Придя в родительский дом забрать сына, она боялась, что не выдержит и все расскажет – удивительная тайна просто взорвет ее изнутри. Но нет, ей надо было спешить назад, в преисподнюю люкканской усадьбы.
Ханне было легче скрывать свою радость, пока она застилала тюфячок, укладывала и баюкала сыночка, отодвинув на задворки сознания чувство торжества.
«Черт, – шептала она в исступлении, – черт, как же это будет здорово, когда я смогу рассмеяться в лицо всем этим чванливым свиньям и сказать им все, что о них думаю».
Потом она испугалась и принялась просить милосердного Бога, чтобы простил ей эти злые мысли.
Засыпая, она думала о букетике цветов. Она никогда не видела мужчин, да, впрочем, никогда и не слышала о таких мужчинах, которые собирают в лесу цветы и ставят их в горшок. Это странно, но очень нежно – это она поняла. Хватит и того, что она увидела цветы на столе Йона Брумана – по крайней мере летом.
Ночью ей снились пеларгонии, цветы в горшках. Она видела такие цветы один раз в жизни – на окне пасторского дома.
Несколько дней спустя по округе разнесся слух о том, что мельник уехал домой, в Вермлан, решив не восстанавливать старую мельницу на Норвежских порогах.
Это ложь, подумала Ханна.
Но прошла неделя, а от Йона Брумана не было вестей. Впервые в жизни Ханна впала в отчаяние. Это было тяжелее всякого стыда, и она поняла, что именно надежда делает человека уязвимым. Нельзя надеяться и верить в божественную справедливость.

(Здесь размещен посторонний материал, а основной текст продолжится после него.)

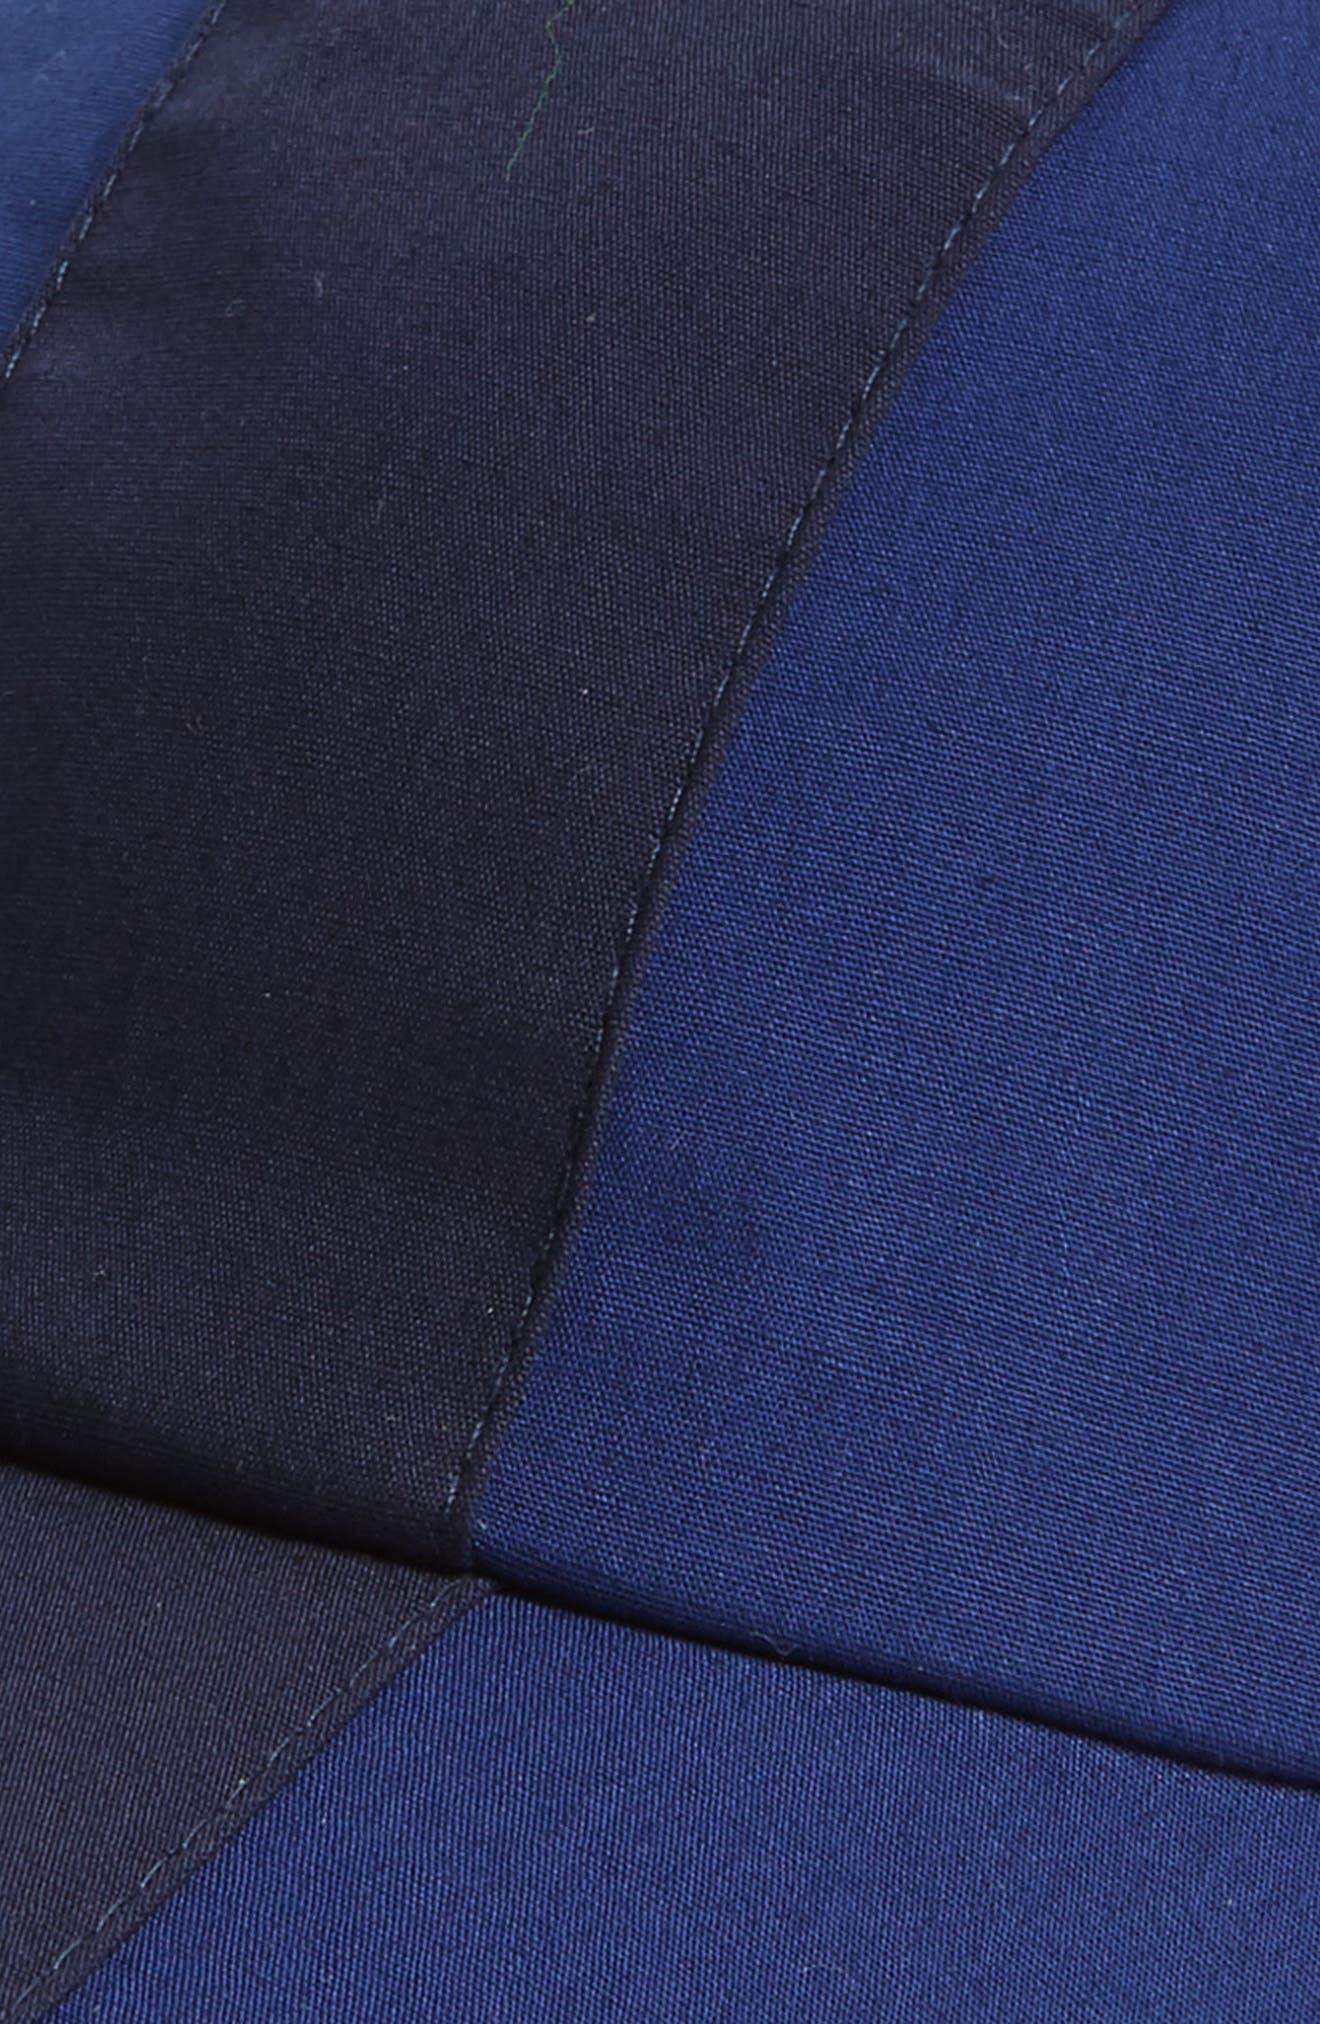 Colorblock Baseball Cap,                             Alternate thumbnail 3, color,                             Methylene/ Navy Blue
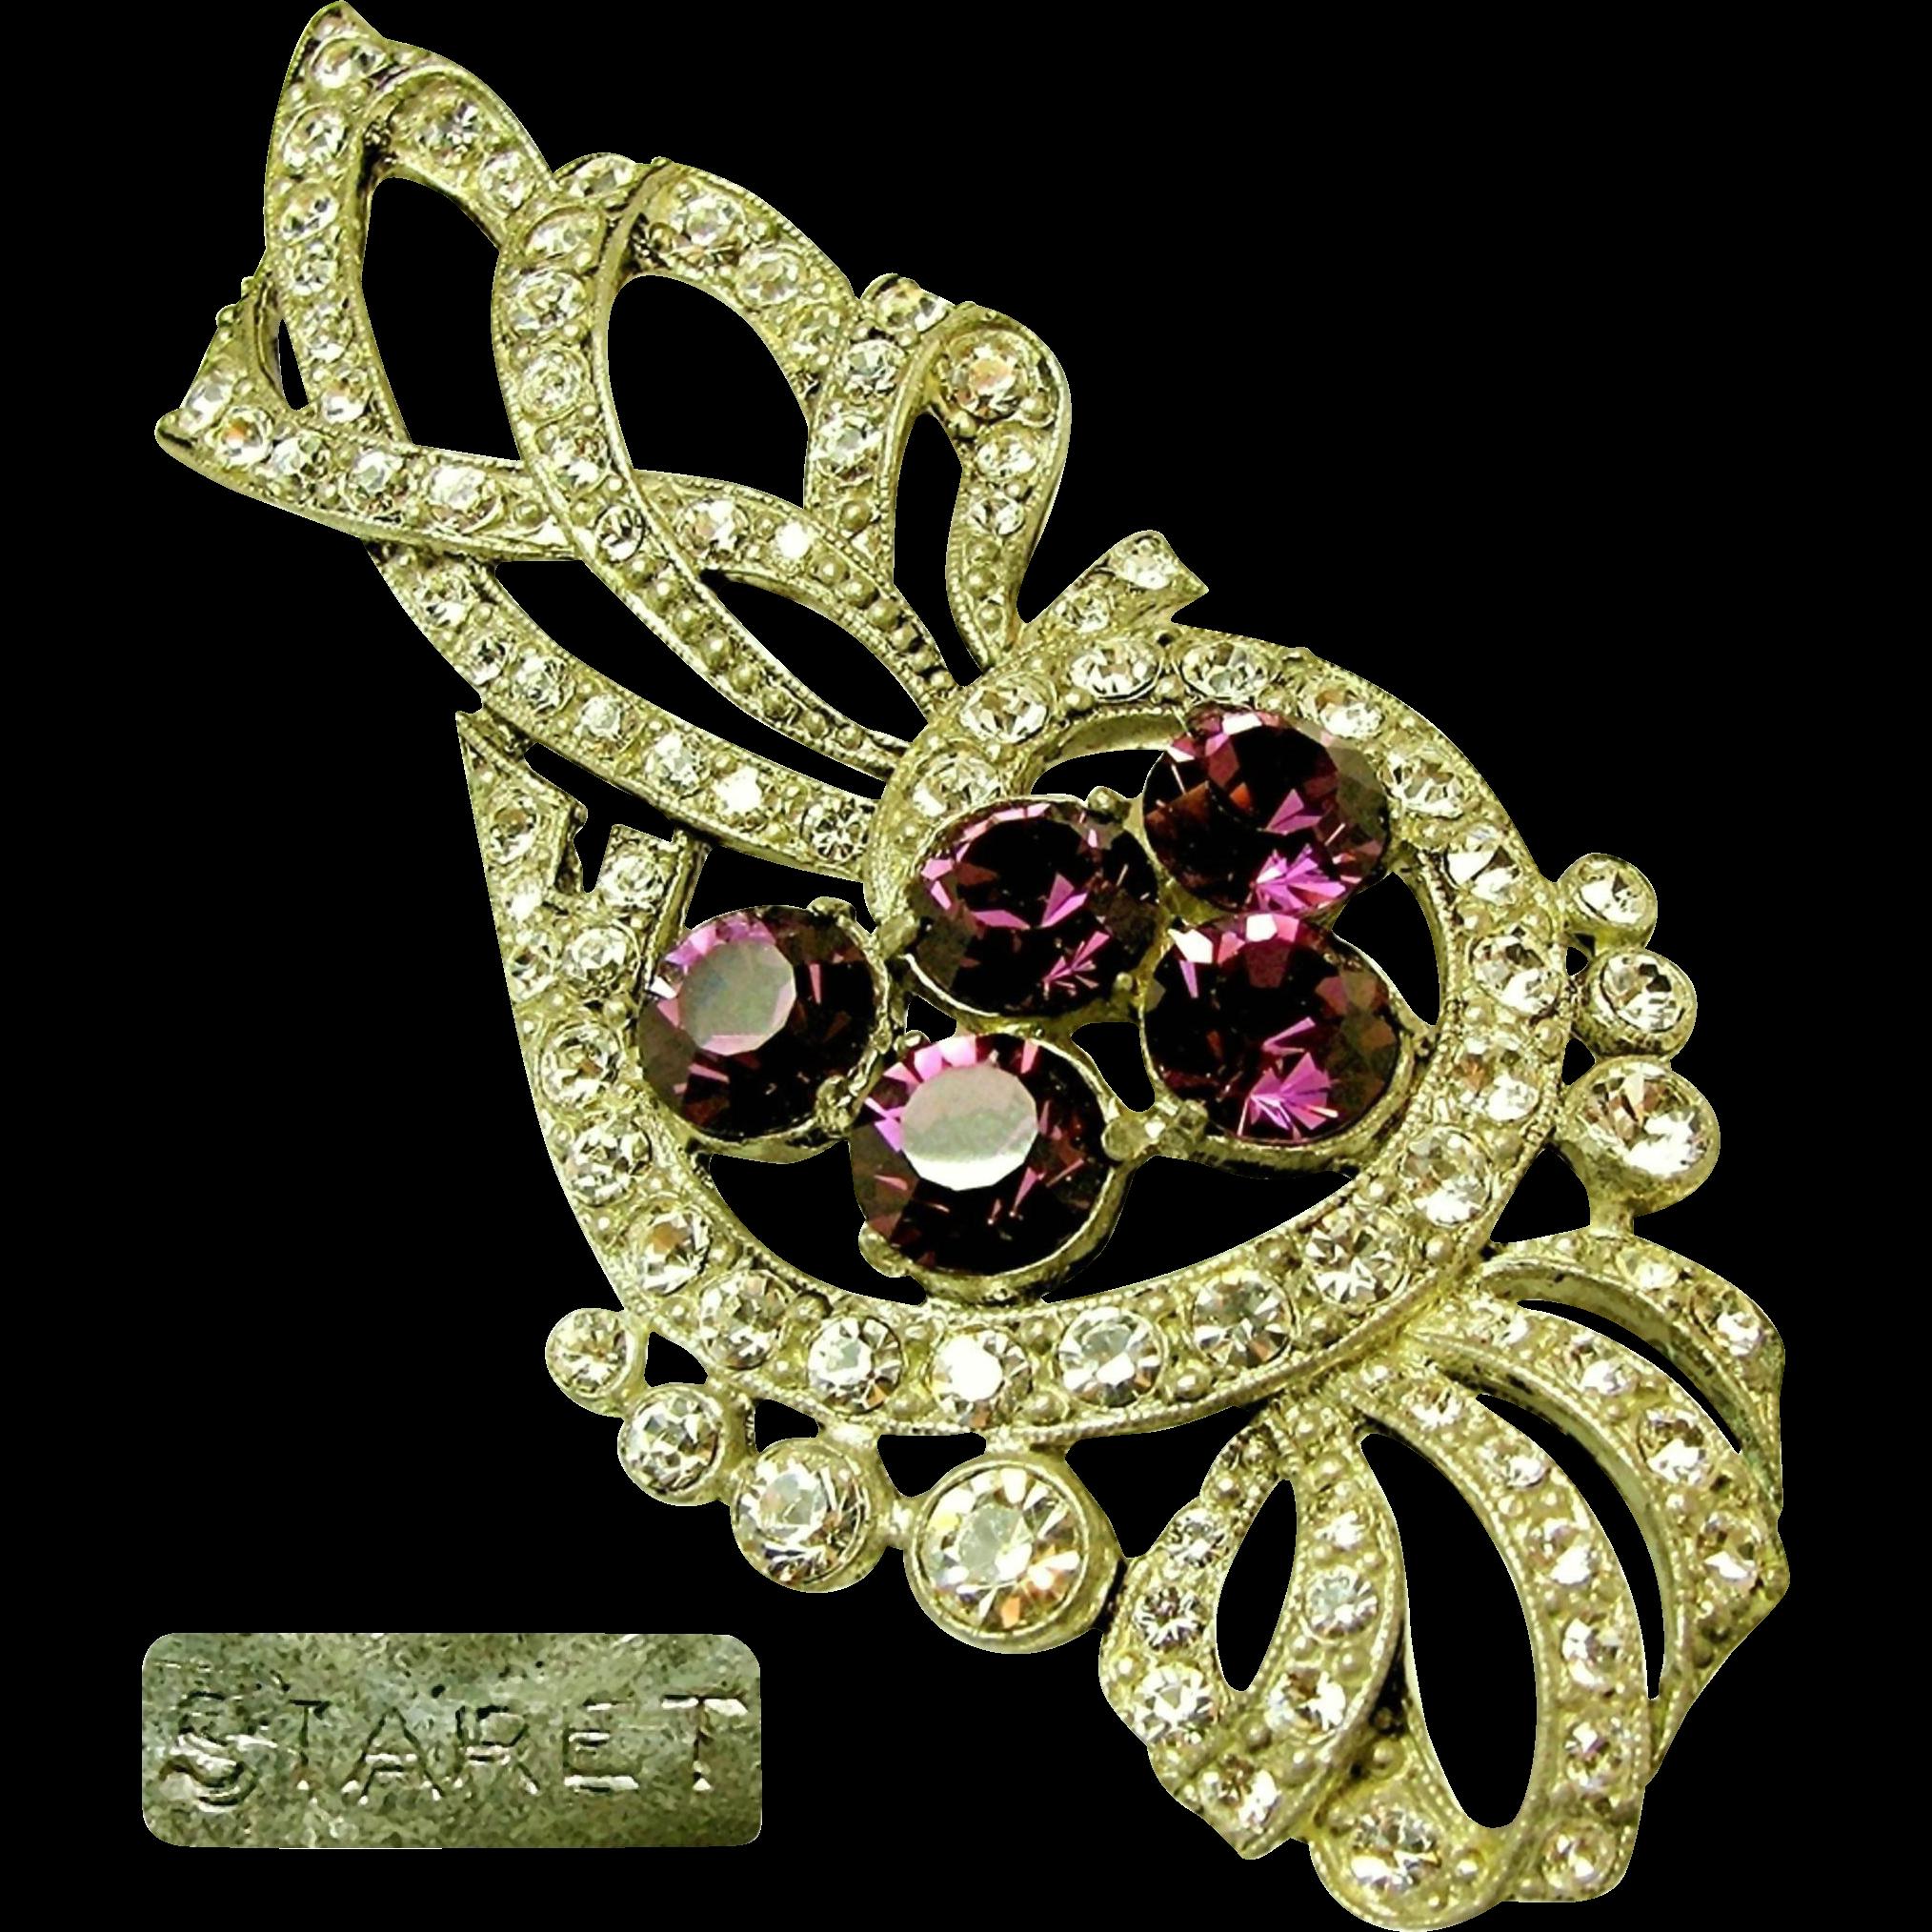 Lg. STARET Bow Brooch Clear White & Purple Rhinestones c.1940

– Вставай скорее! – прикрикнула на нее Ловиса. – Что сидишь как привидение? Если заболела, то отправляйся домой к матери.
Но Ханна не могла уйти в темноту с ребенком. Осень в этом году пришла рано, сильный ветер срывал сухие листья с ветвей, и сейчас, в раннее воскресное утро, они хрустели под ногами, пока Ханна шла к коровнику на дойку. Там, в темноте, ее ждал Август.
– Святой отец, – удивленно произнесла Ханна, – что вы здесь делаете в такую рань?
Пастор прижал палец к губам и указал рукой на дом.
– Они спят, – прошептала Ханна.
Тут она узнала, что Йон Бруман побывал у пастора в понедельник, договорился о венчании и попросил пойти к Ханне с предложением. Помимо того, они поговорили о церковных документах на мальчика.
– Я позаботился о том, чтобы во время оглашения в церкви было сообщено и об опекунстве Брумана, – сказал Август с затаенным удовольствием.
Бруман уехал в Вермлан, чтобы перевезти оттуда мебель и другие пожитки в дом у мельницы на Норвежских порогах. Он вернется через несколько недель, и тогда состоится бракосочетание.
– Отчего же вы так долго не шли?
– У нас с матушкой не было ни единой свободной минутки. Надо было выкопать картошку до наступления холодов, а то нам не хватило бы ее и до Рождества.
Ханна согласно кивала, не в силах его упрекнуть. Она тяжело опустилась на скамеечку и продолжала кивать, а он стоял в дверях коровника и говорил, что ей пора приниматься за дойку. Она, плача, взялась за работу, и горячие соленые слезы падали в теплое молоко.
Но прошедшая неделя многому ее научила. Нет, никогда и ни на что нельзя надеяться.
Возвращаясь домой в слабом свете всходившего солнца, Август думал о том, что забыл сказать Ханне самое главное: зимой и он, и его мальчики будут загружены работой – Бруман попросил их помочь с ремонтом мельницы.
Был у Августа и лесоматериал – отлично высушенные за трудные годы бревна. Он запасал их, когда ему пришлось до изнеможения трудиться, строя настоящие коровники.
Ханна, вернувшись в дом, занялась привычным делом. Когда завтрак был съеден, она спокойно сказала Иоэлю Эрикссону, что пойдет к родителям и возьмет с собой сына. Иоэль хмуро кивнул и сказал, чтобы она поторопилась и ушла до того, как проснется Ловиса.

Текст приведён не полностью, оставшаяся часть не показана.